* **SUPPLIED INFORMATION**:
────────────────────────────────────────

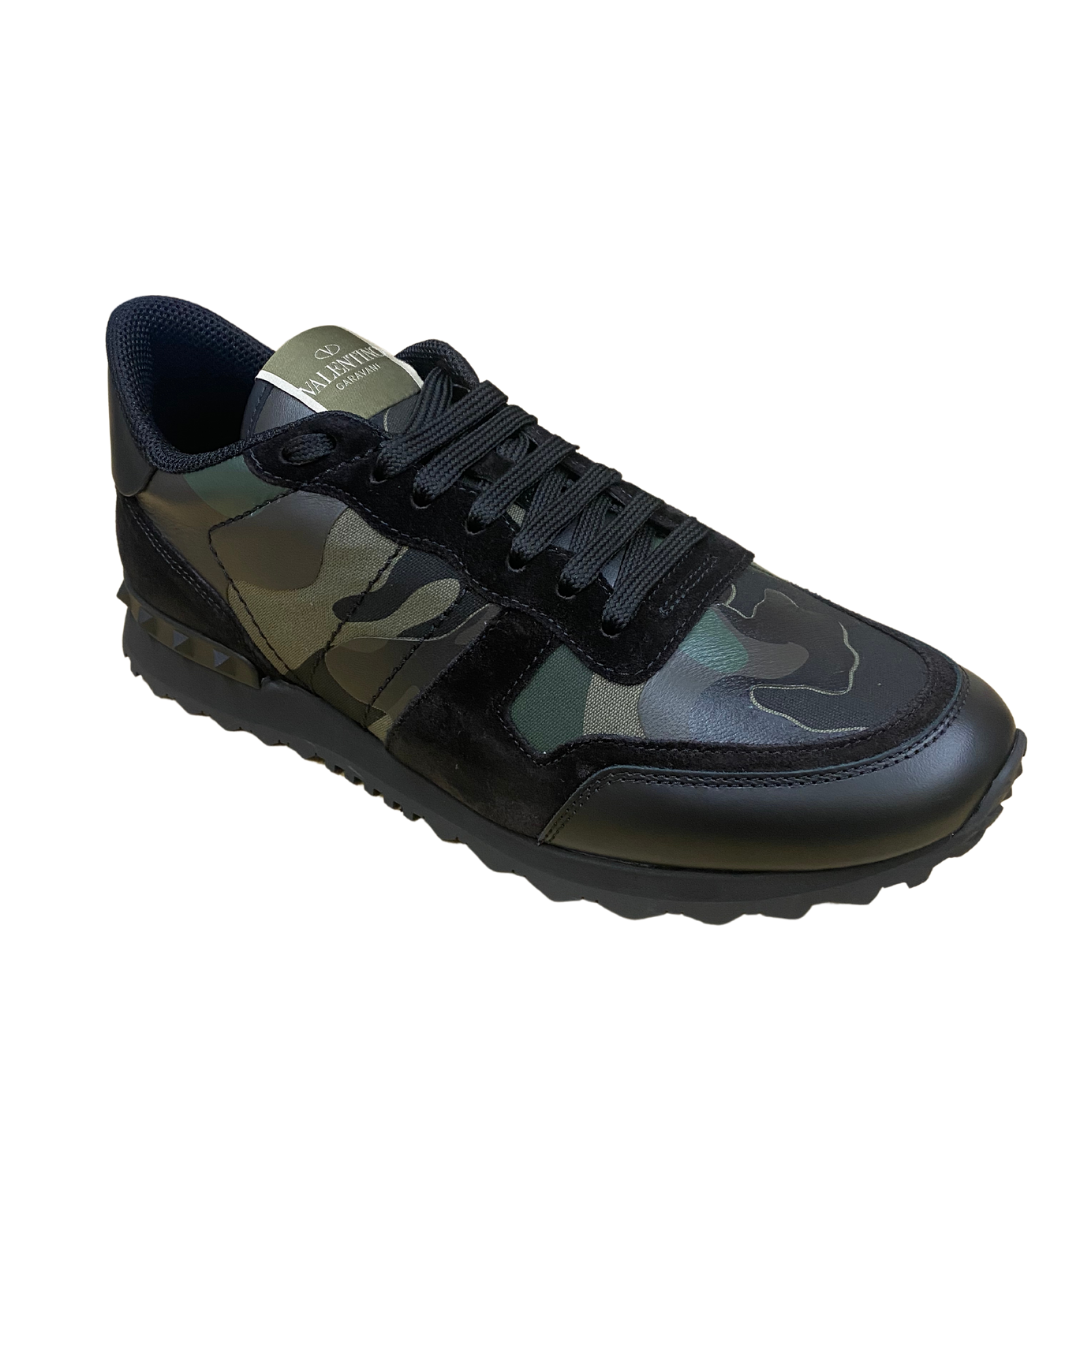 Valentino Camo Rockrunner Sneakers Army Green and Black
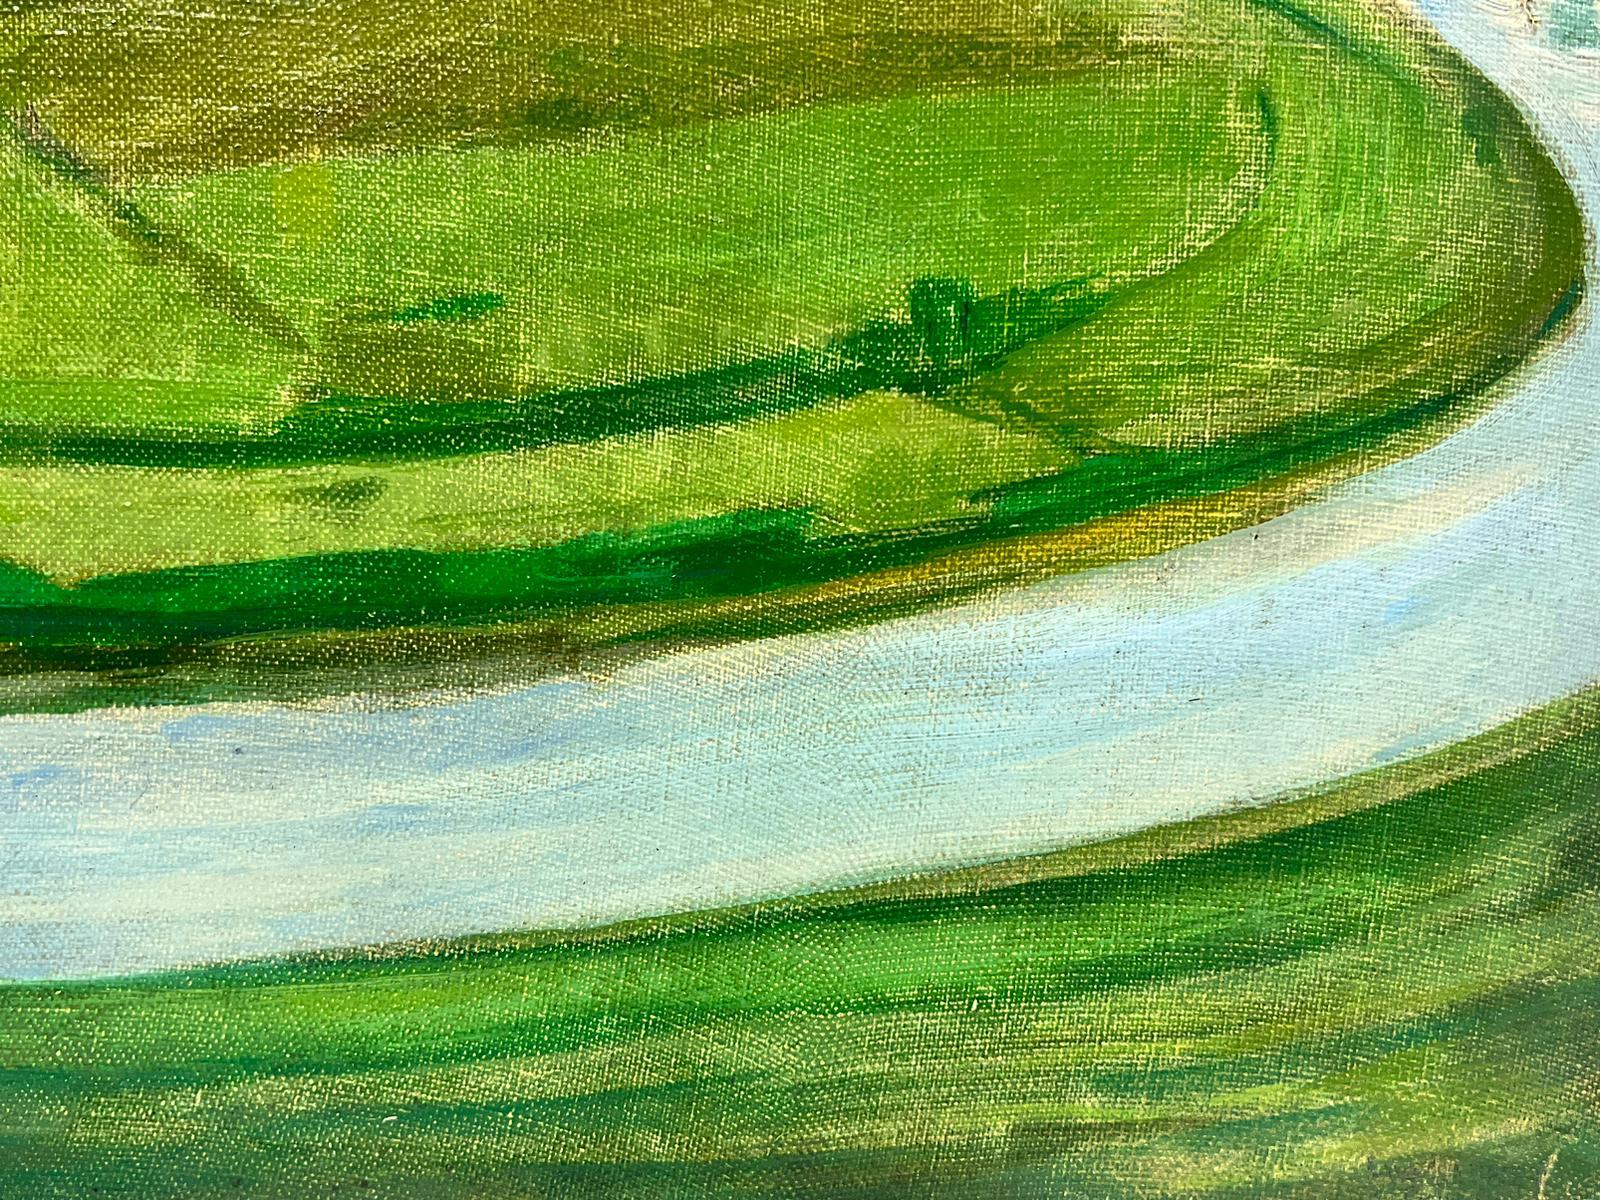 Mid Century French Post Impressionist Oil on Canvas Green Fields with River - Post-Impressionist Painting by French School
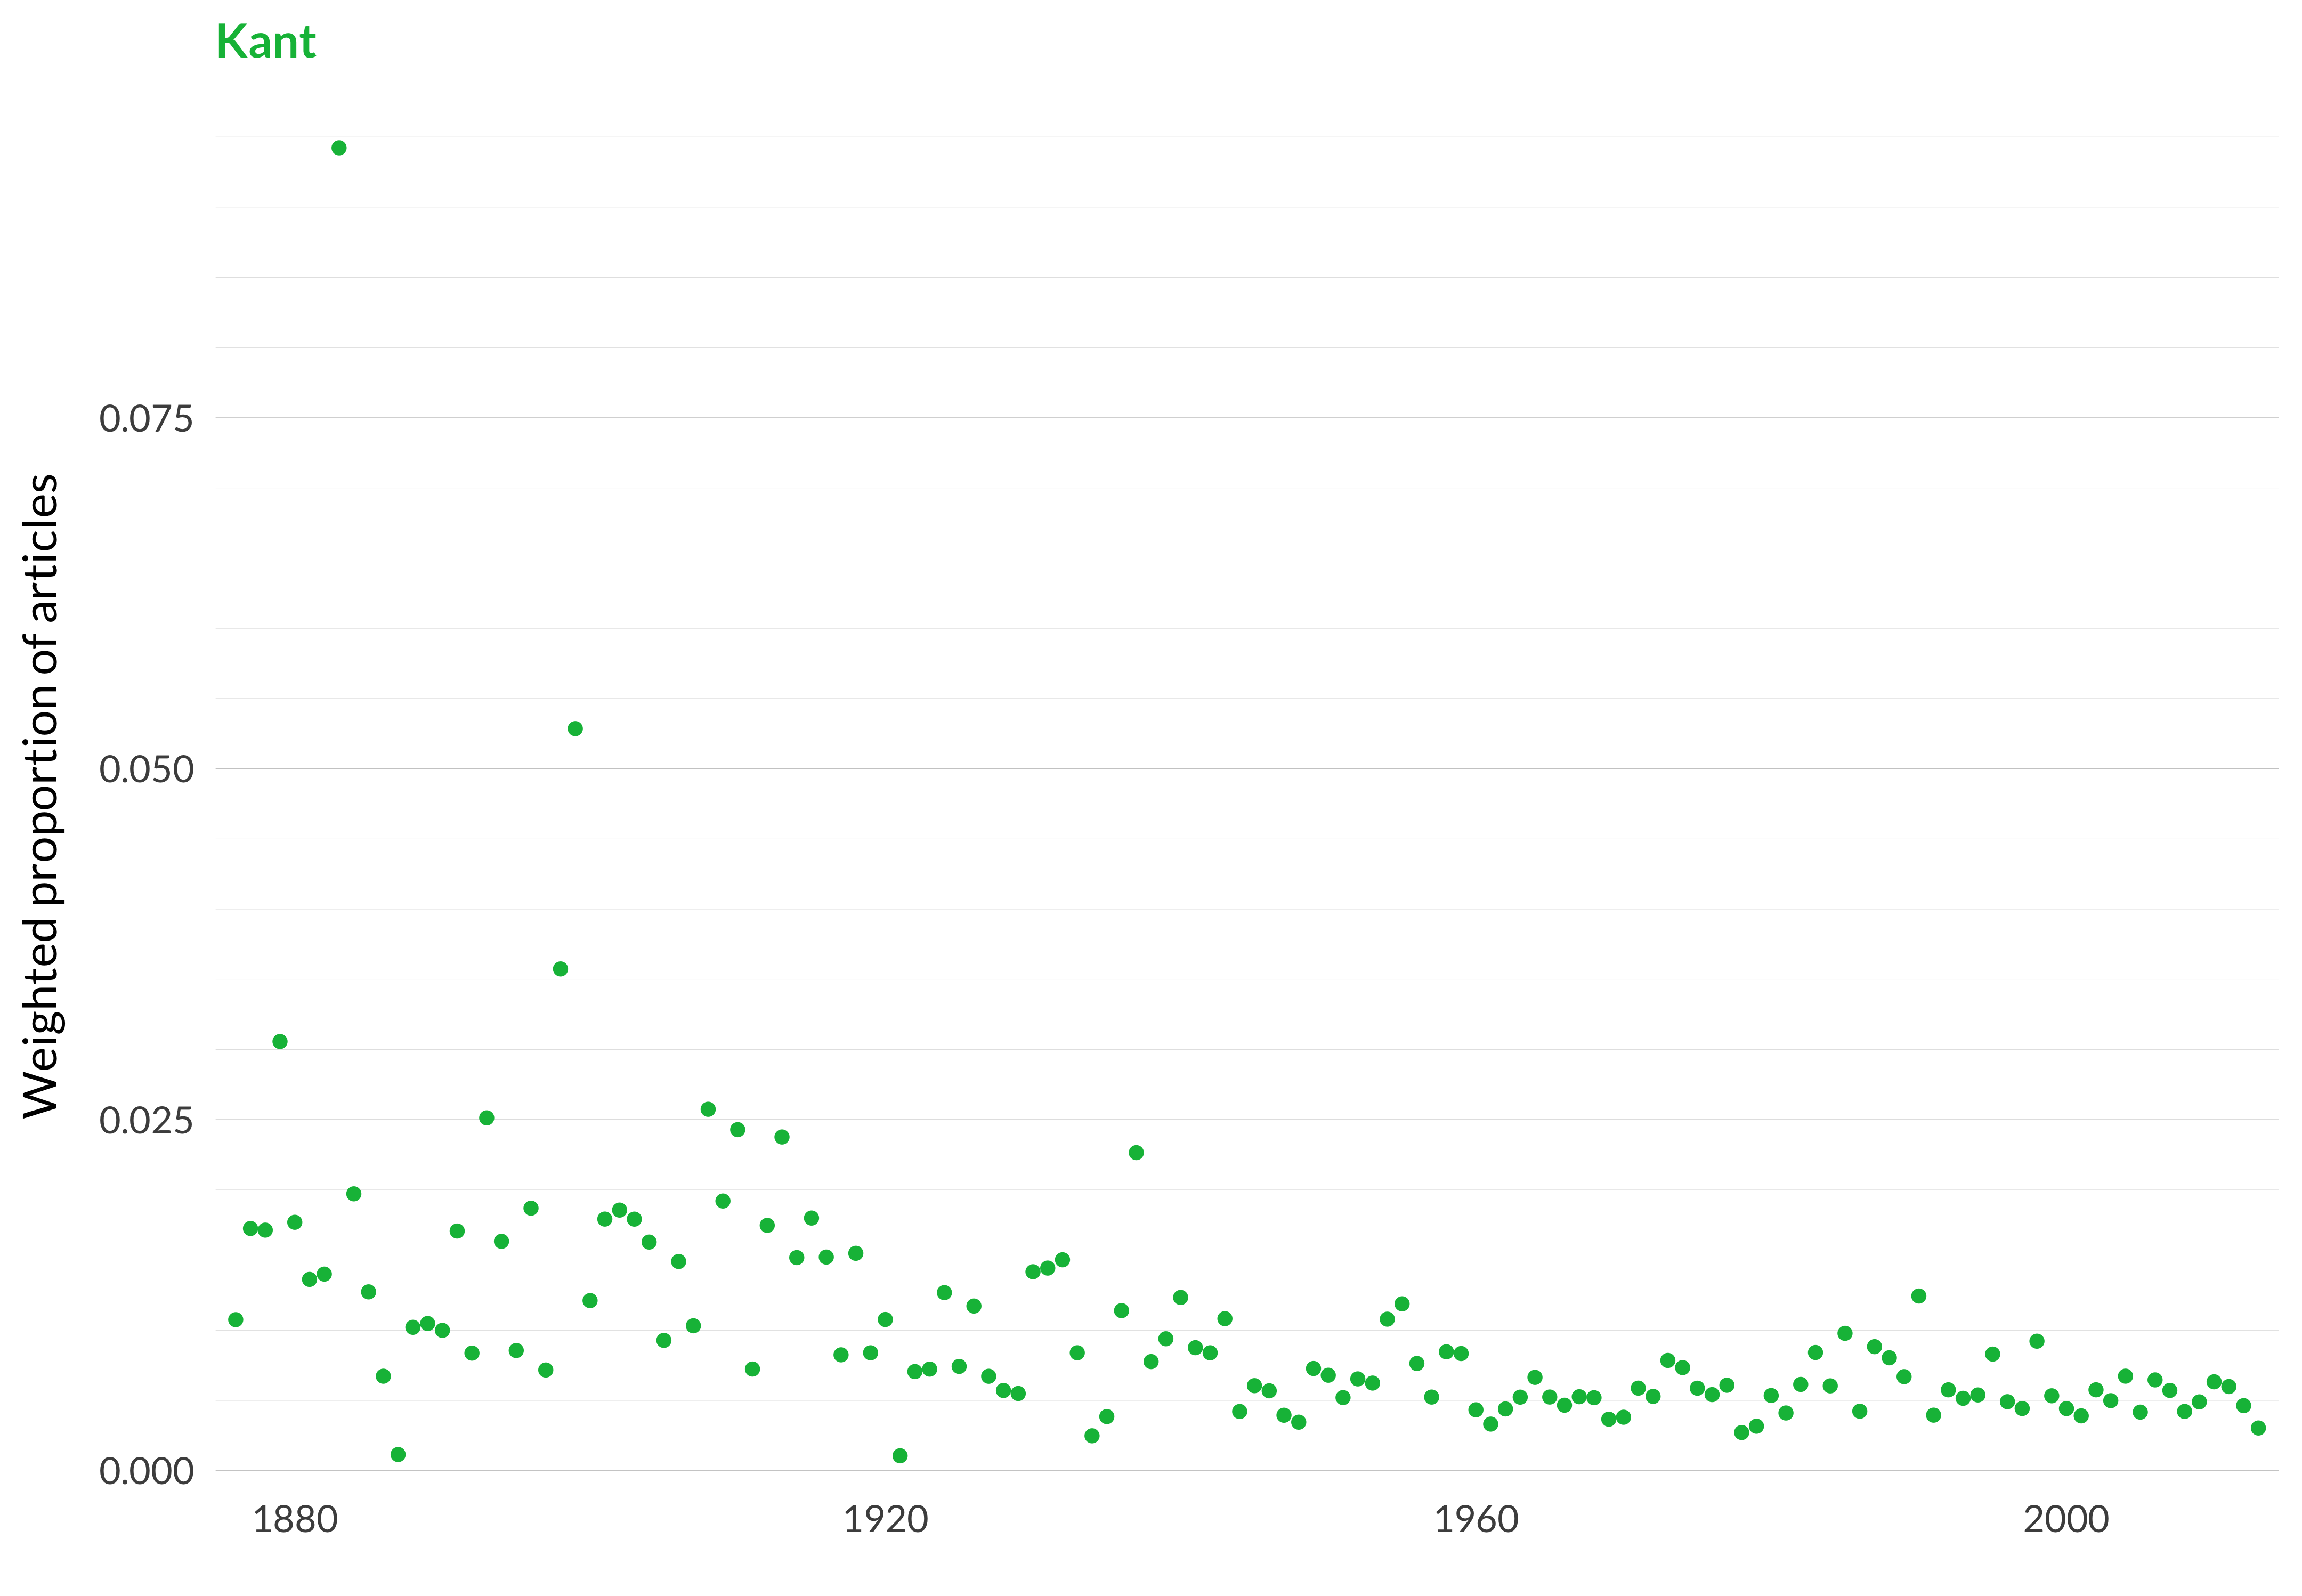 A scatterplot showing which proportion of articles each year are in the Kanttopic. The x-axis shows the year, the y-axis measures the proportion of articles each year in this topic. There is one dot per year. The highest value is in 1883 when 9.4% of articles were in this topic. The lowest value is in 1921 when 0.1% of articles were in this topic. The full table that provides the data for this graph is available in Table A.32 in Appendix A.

────────────────────────────────────────

* **REQUIRED WORK**: For the material above, give every line again exactly and leave out the pictures.

* **ANSWER SPACE**:
 Valentino Camo Rockrunner Sneakers Army Green and Black
 Mid Century French Post Impressionist Oil on Canvas Green Fields with River - Post-Impressionist Painting by French School
 A scatterplot showing which proportion of articles each year are in the Kanttopic. The x-axis shows the year, the y-axis measures the proportion of articles each year in this topic. There is one dot per year. The highest value is in 1883 when 9.4% of articles were in this topic. The lowest value is in 1921 when 0.1% of articles were in this topic. The full table that provides the data for this graph is available in Table A.32 in Appendix A.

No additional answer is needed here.